**PROBLEM DESCRIPTION**
Output the data below exactly as it is, dropping the pictures from your copy.

**RAW DATA**
══════
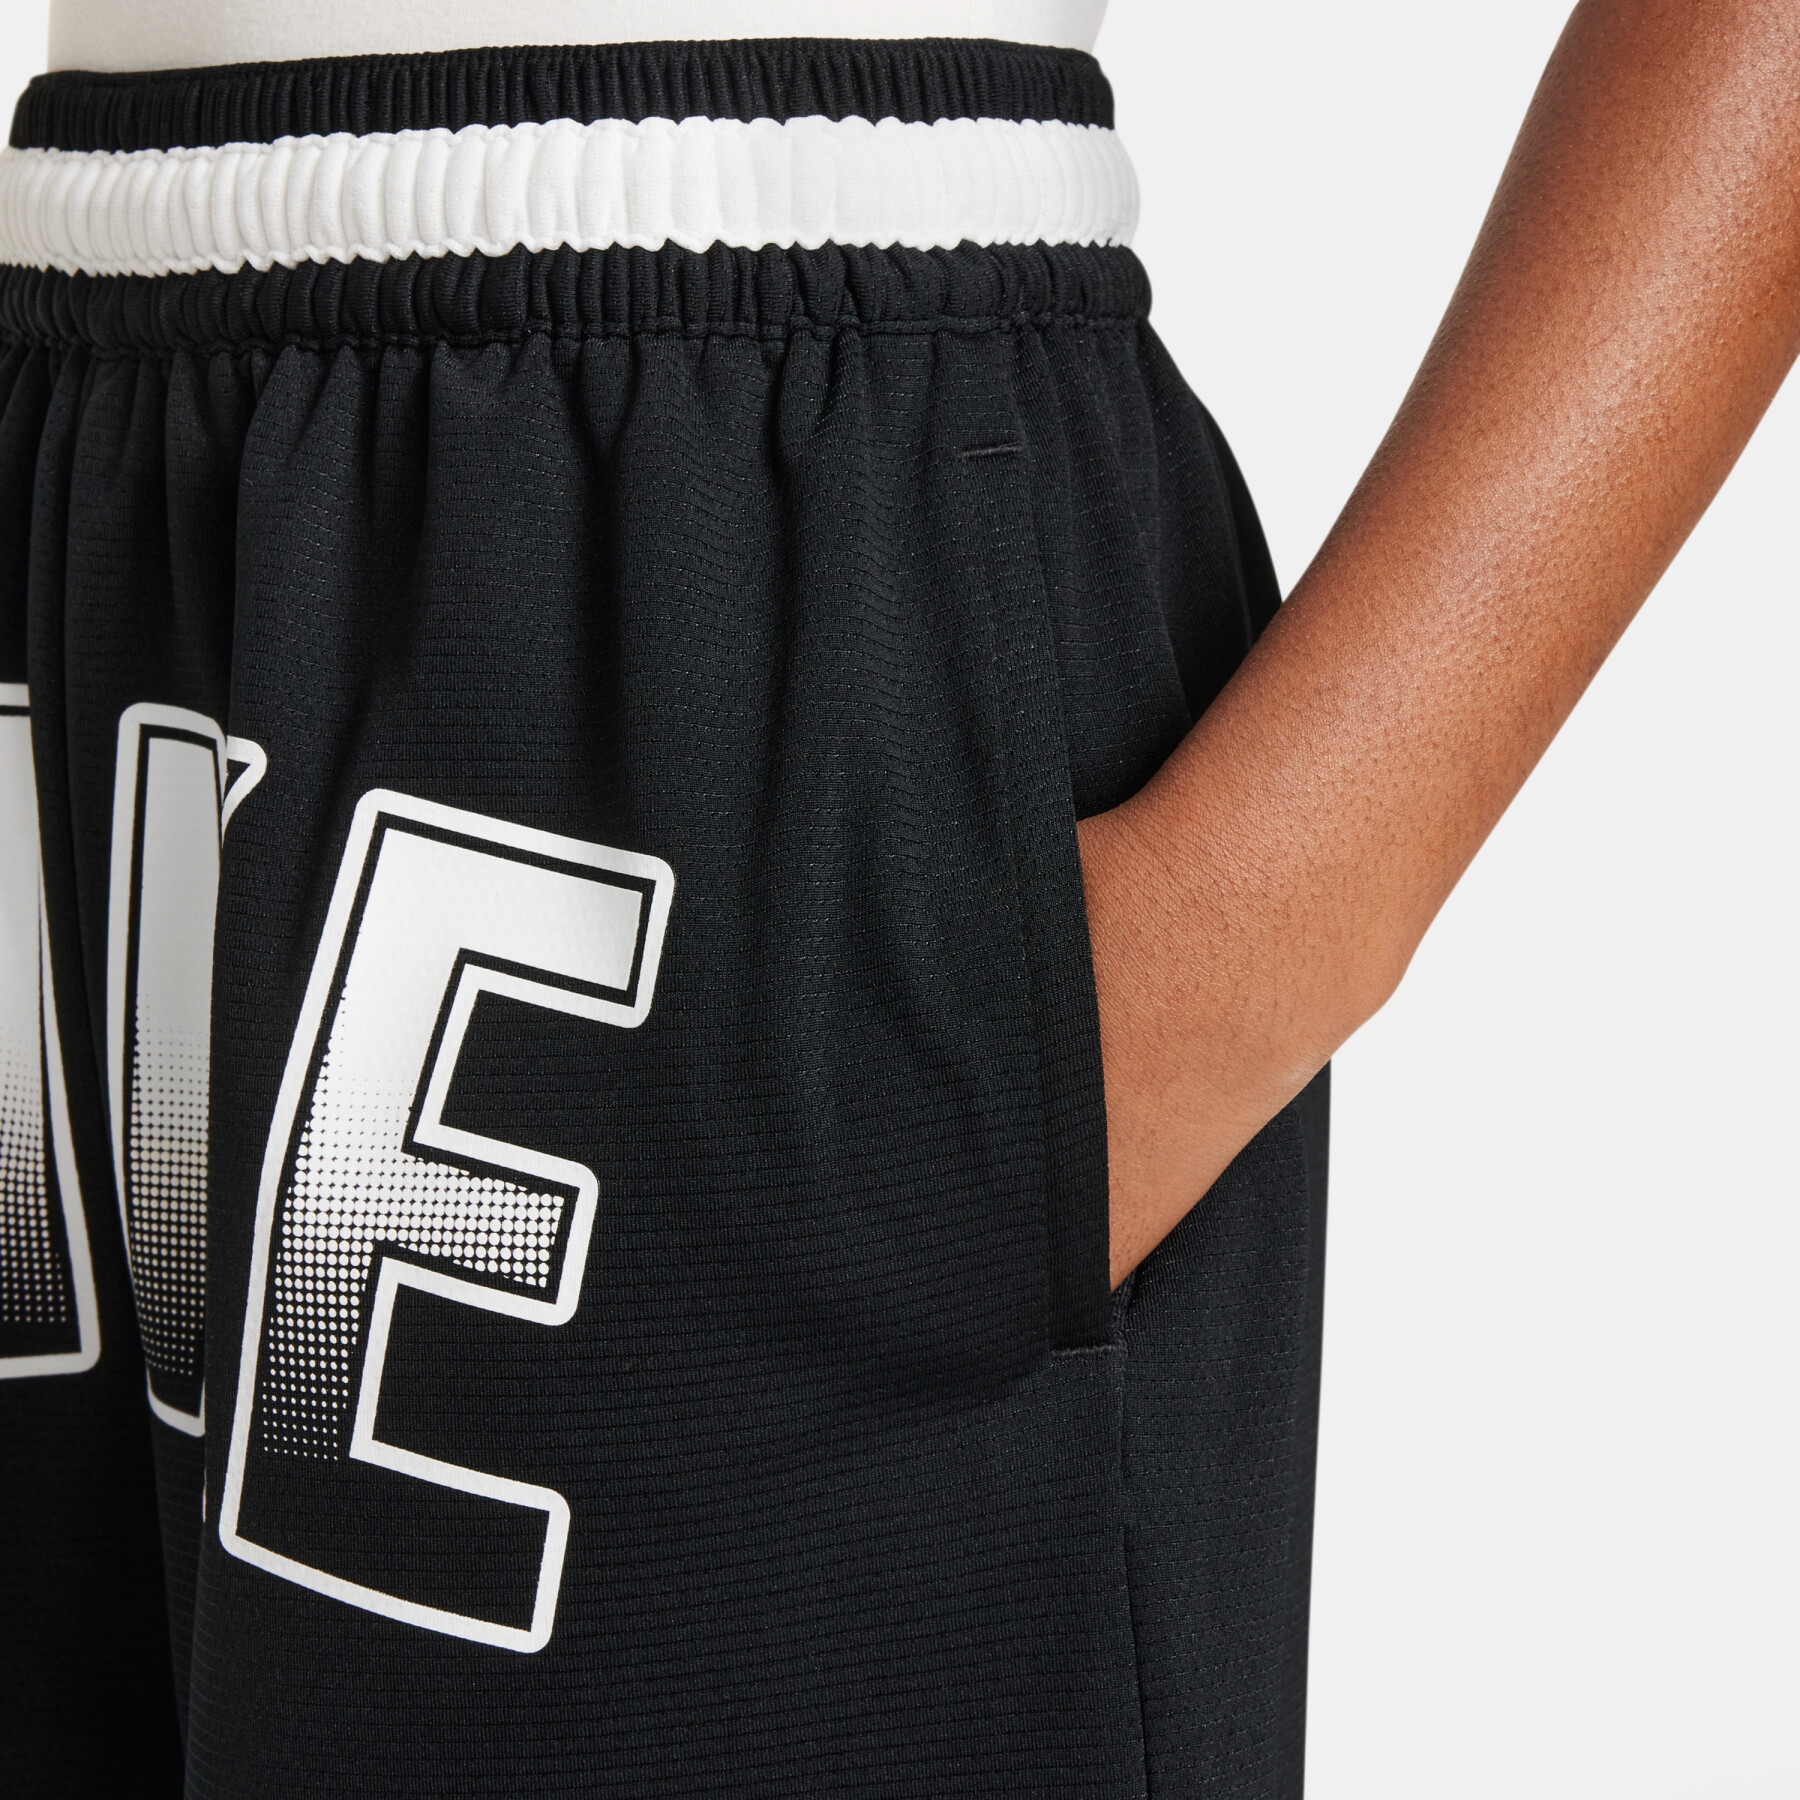 Children's shorts Nike DNA Culture of Basketball
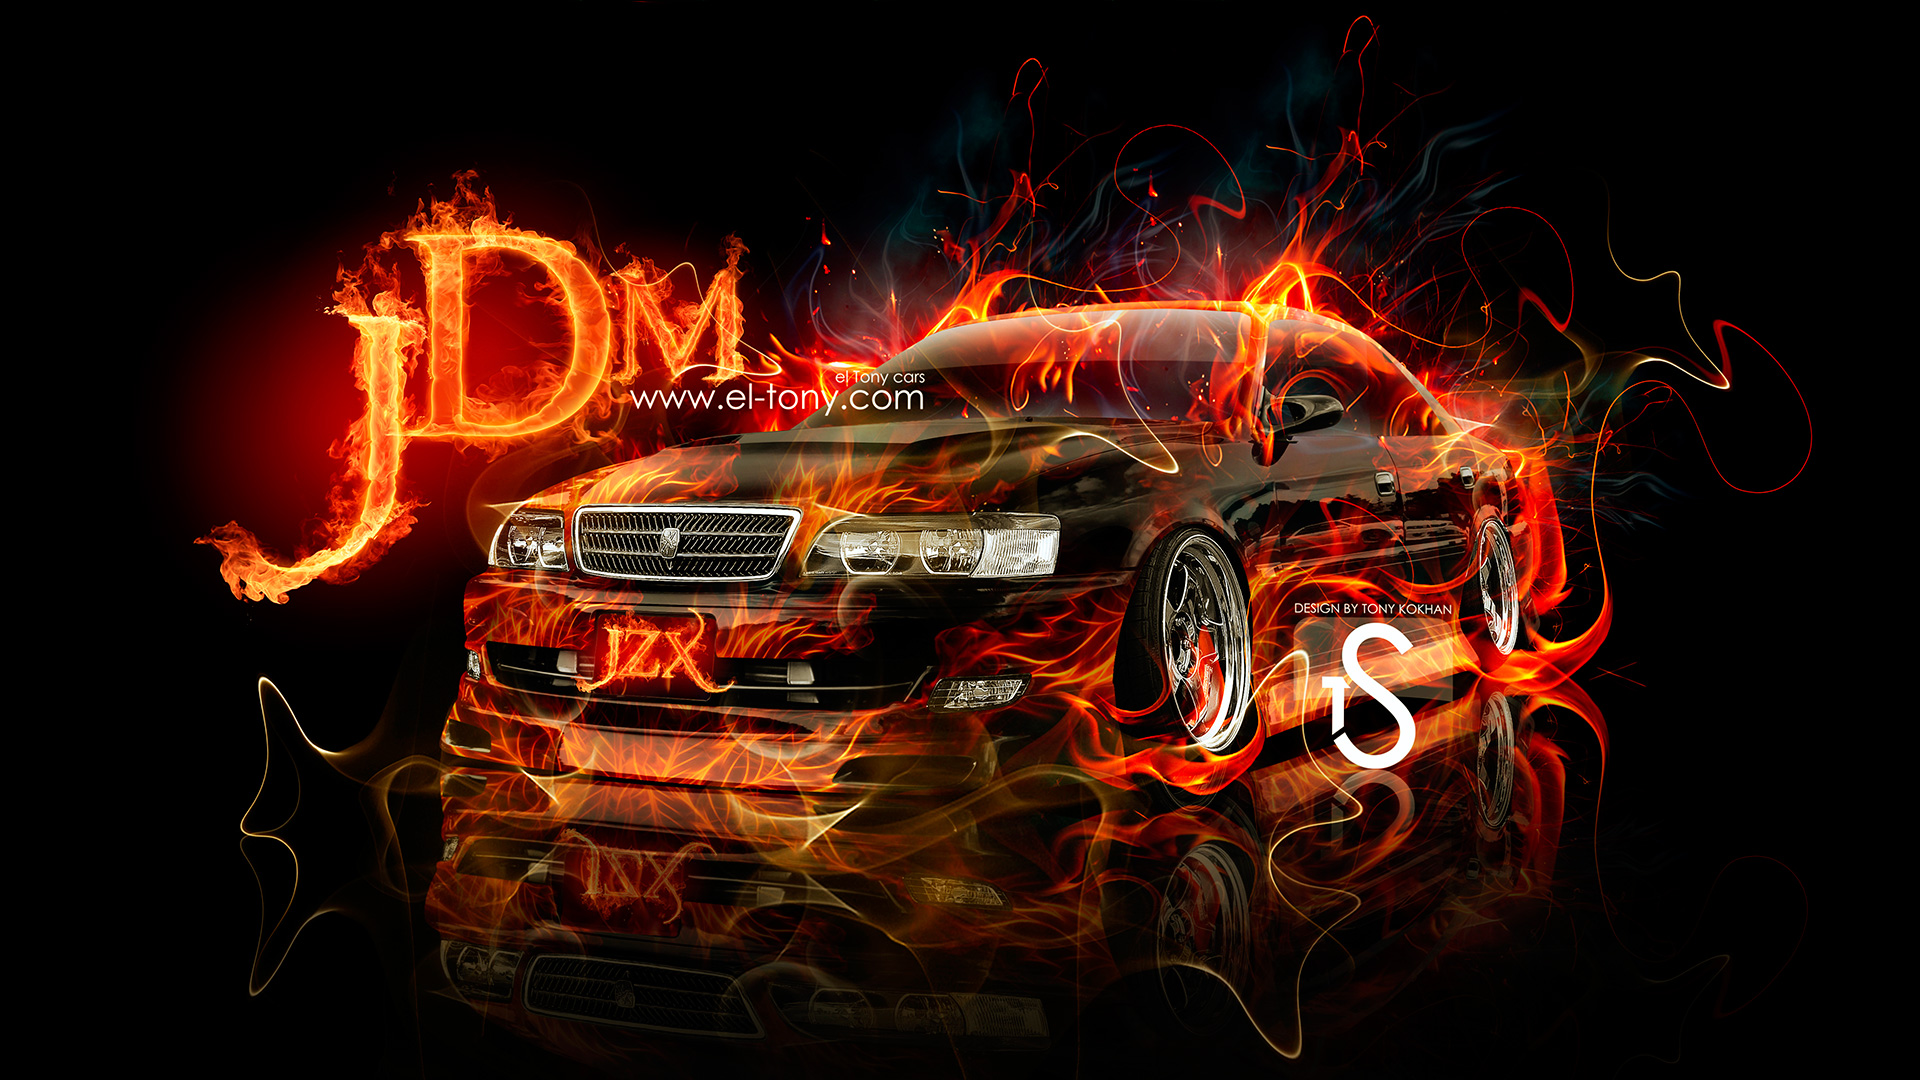 Chaser Jzx100 Jdm Side Fire Abstract Car Toyota
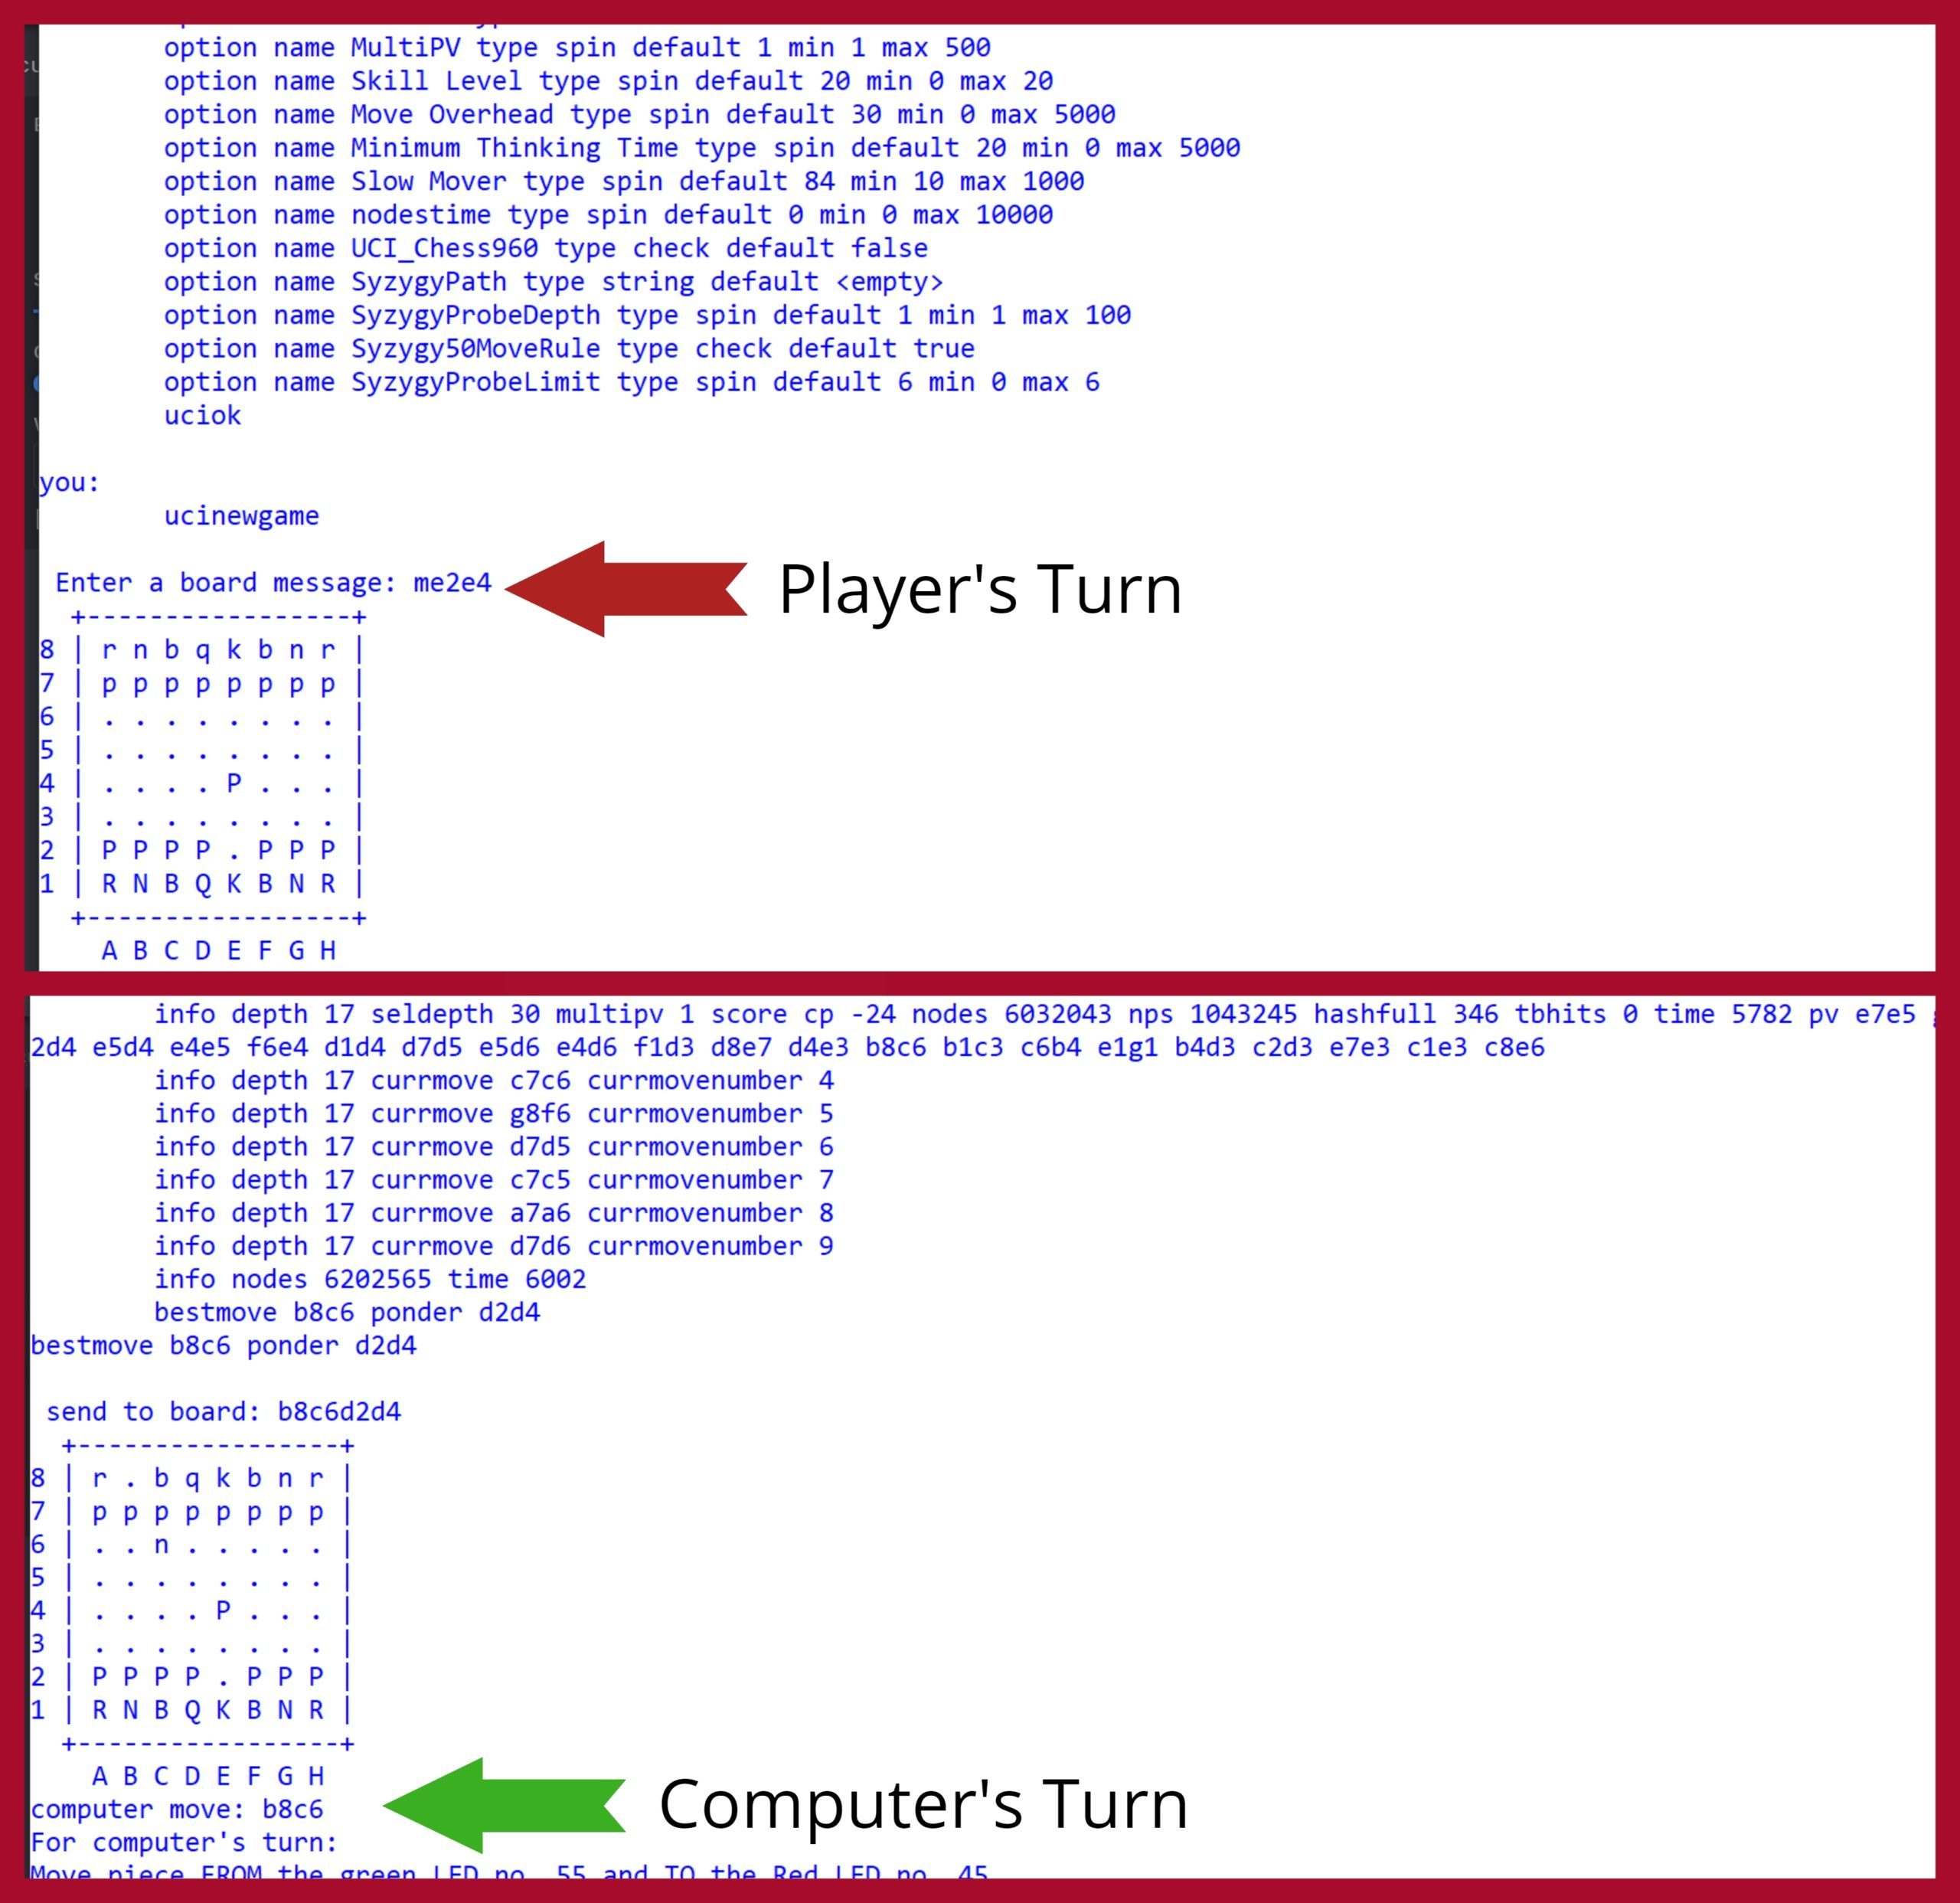 This image shows console interfacing with the Stockfish chess engine
══════
**ANSWER SPACE**
 Children's shorts Nike DNA Culture of Basketball
 Chaser Jzx100 Jdm Side Fire Abstract Car Toyota
 This image shows console interfacing with the Stockfish chess engine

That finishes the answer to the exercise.